And he drew out the handkerchief.

“Was that all he said?” inquired Athos.

“No, my lord; he said you had engaged to pay seventy pounds if I landed you safe and sound at Boulogne or any other port you choose in France.”

“What do you think of all this?” said Athos, in a low tone to D’Artagnan, after explaining to him in French what the sailor had said in English.

“It seems a likely story to me.”

“And to me, too.”

“Besides, we can but blow out his brains if he proves false,” said the Gascon; “and you, Athos, you know something of everything and can be our captain. I dare say you know how to navigate, should he fail us.”

“My dear friend, you guess well. My father meant me for the navy and I have some vague notions about navigation.”

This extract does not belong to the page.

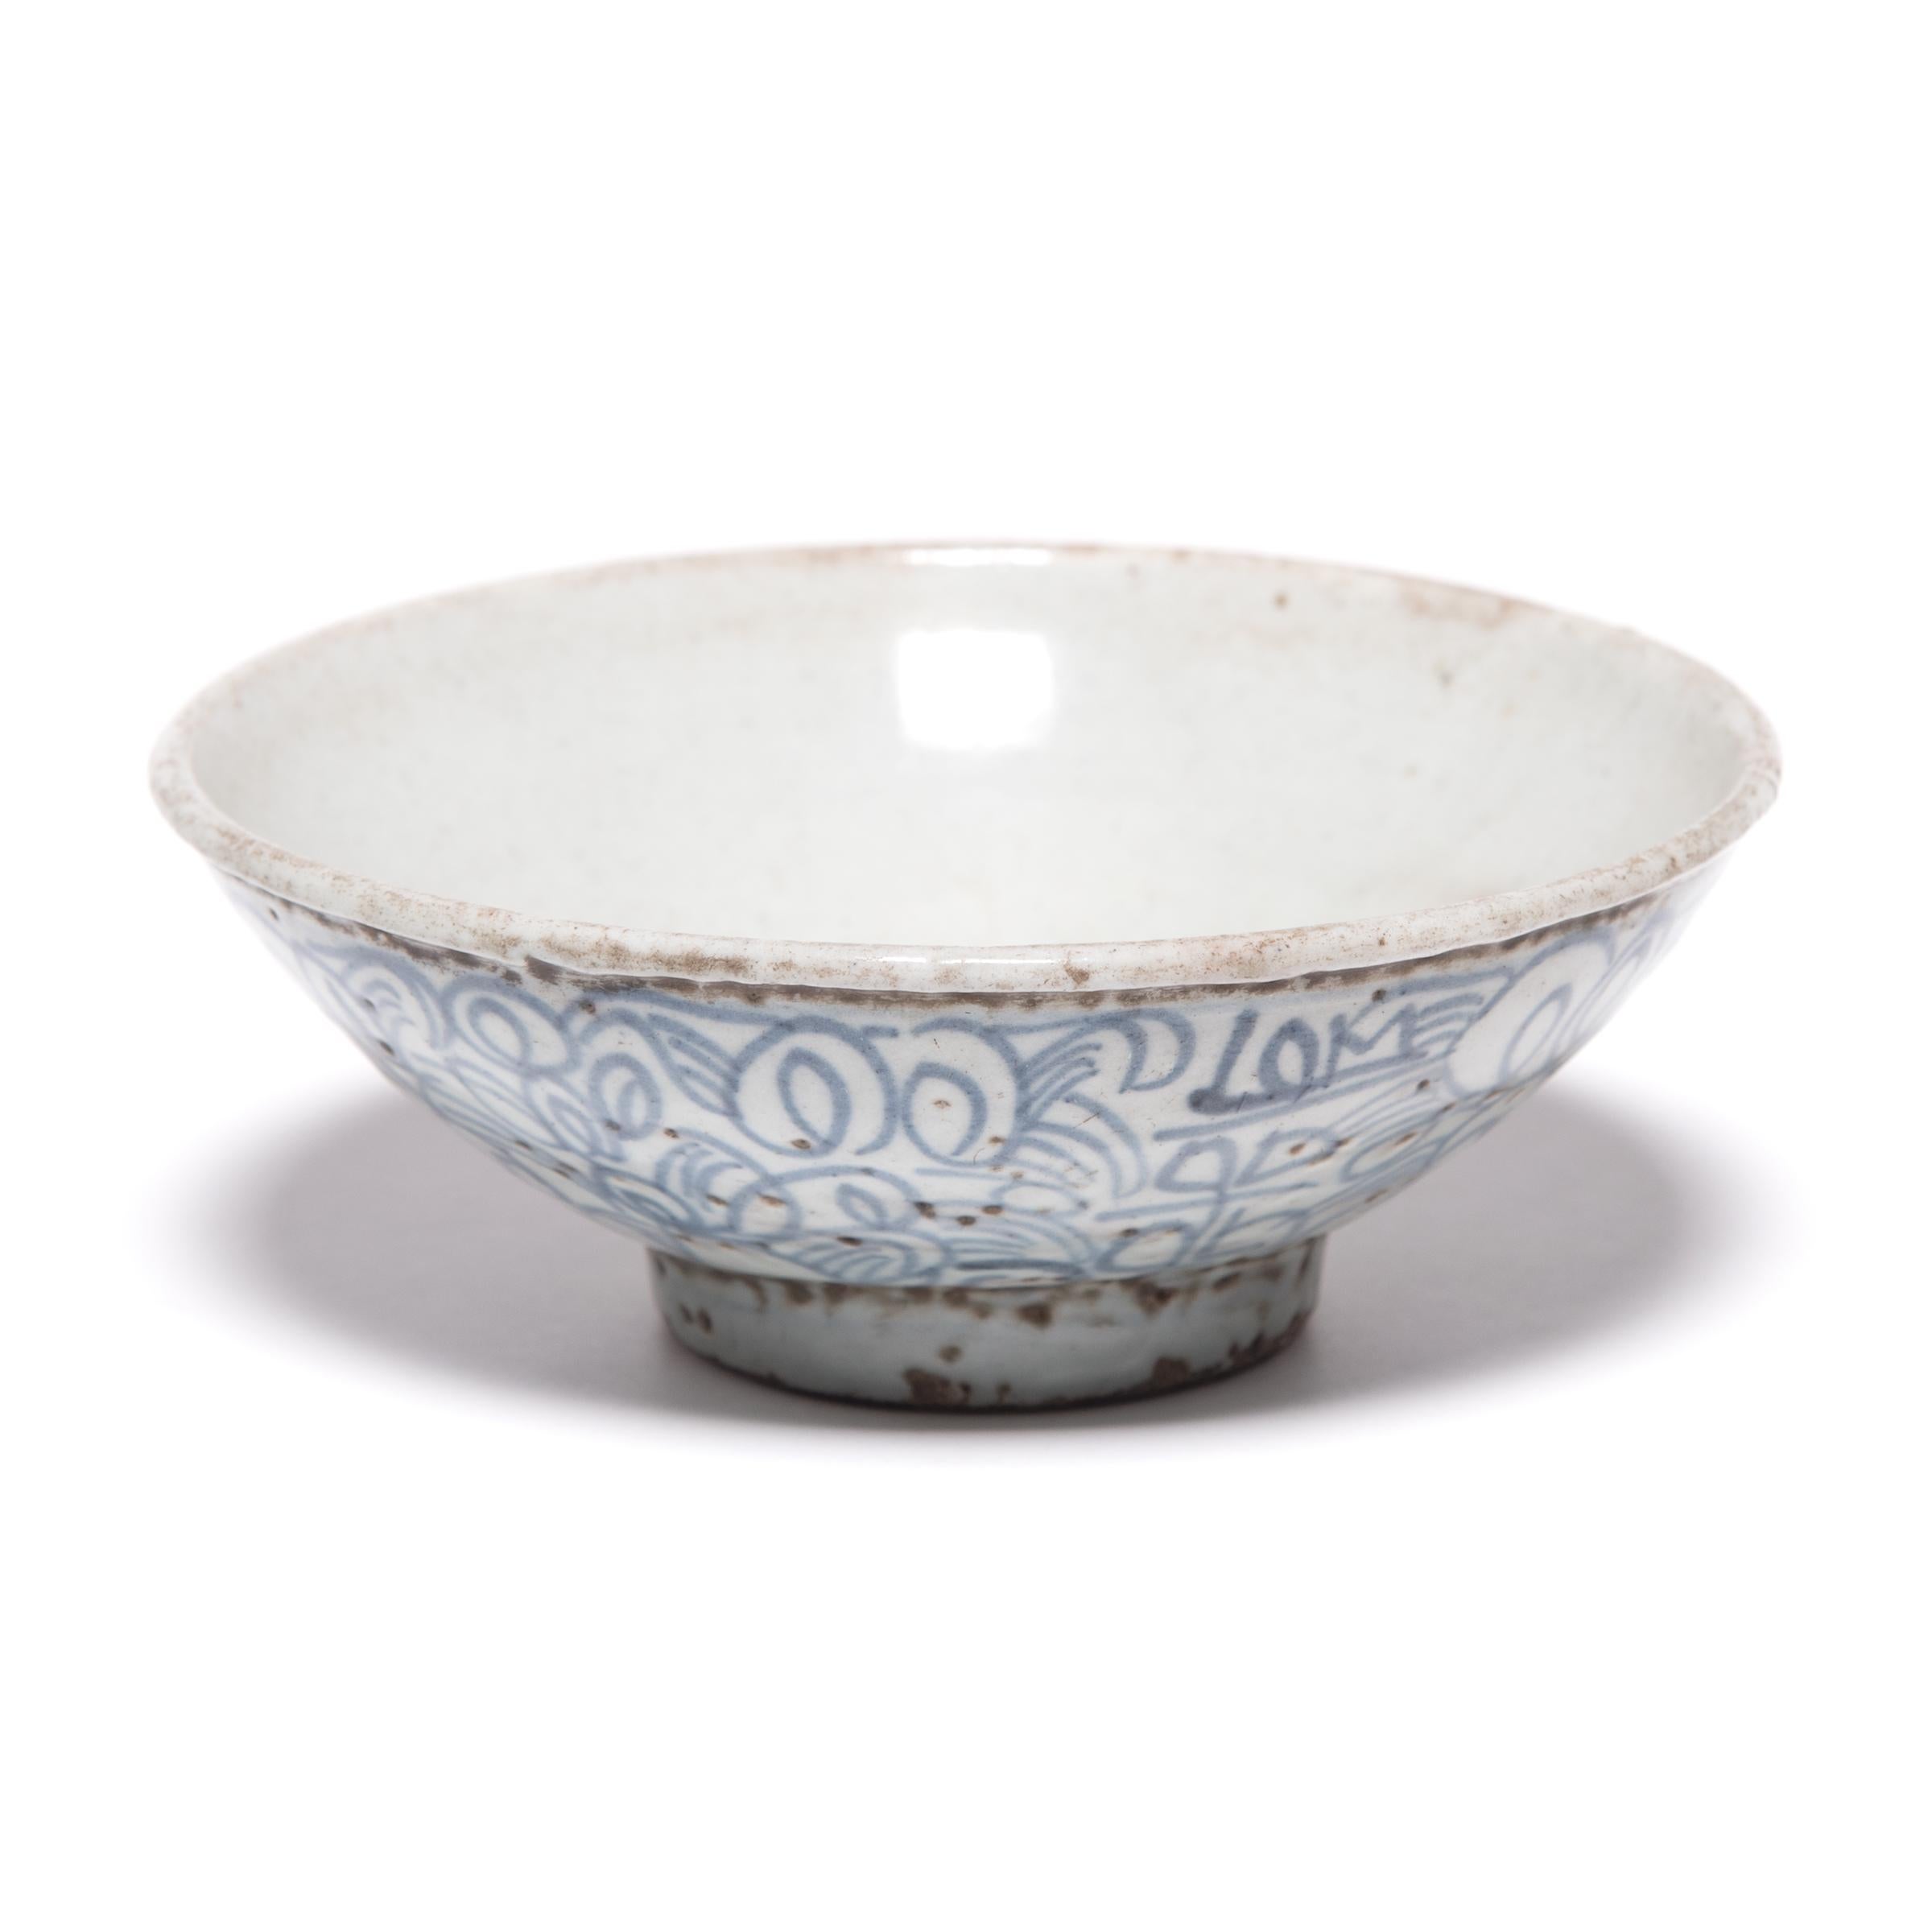 Ce bol sur pied de la fin du XIXe siècle aurait été offert par des commerçants chinois voyageant le long de la route de la soie en échange d'épices ou de pierres précieuses. Les artisans chinois qui l'ont peint à la main avec des volutes, des

“You see!” cried D’Artagnan.

They then summoned their friends, who, with Blaisois, Mousqueton and Grimaud, promptly joined them, leaving Parry behind them, who was to take back to London the horses of the gentlemen and of their lackeys, which had been sold to the host in settlement of their account with him. Thanks to this stroke of business the four friends were able to take away with them a sum of money which, if not large, was sufficient as a provision against delays and accidents.

Parry parted from his friends regretfully; they had proposed his going with them to France, but he had straightway declined.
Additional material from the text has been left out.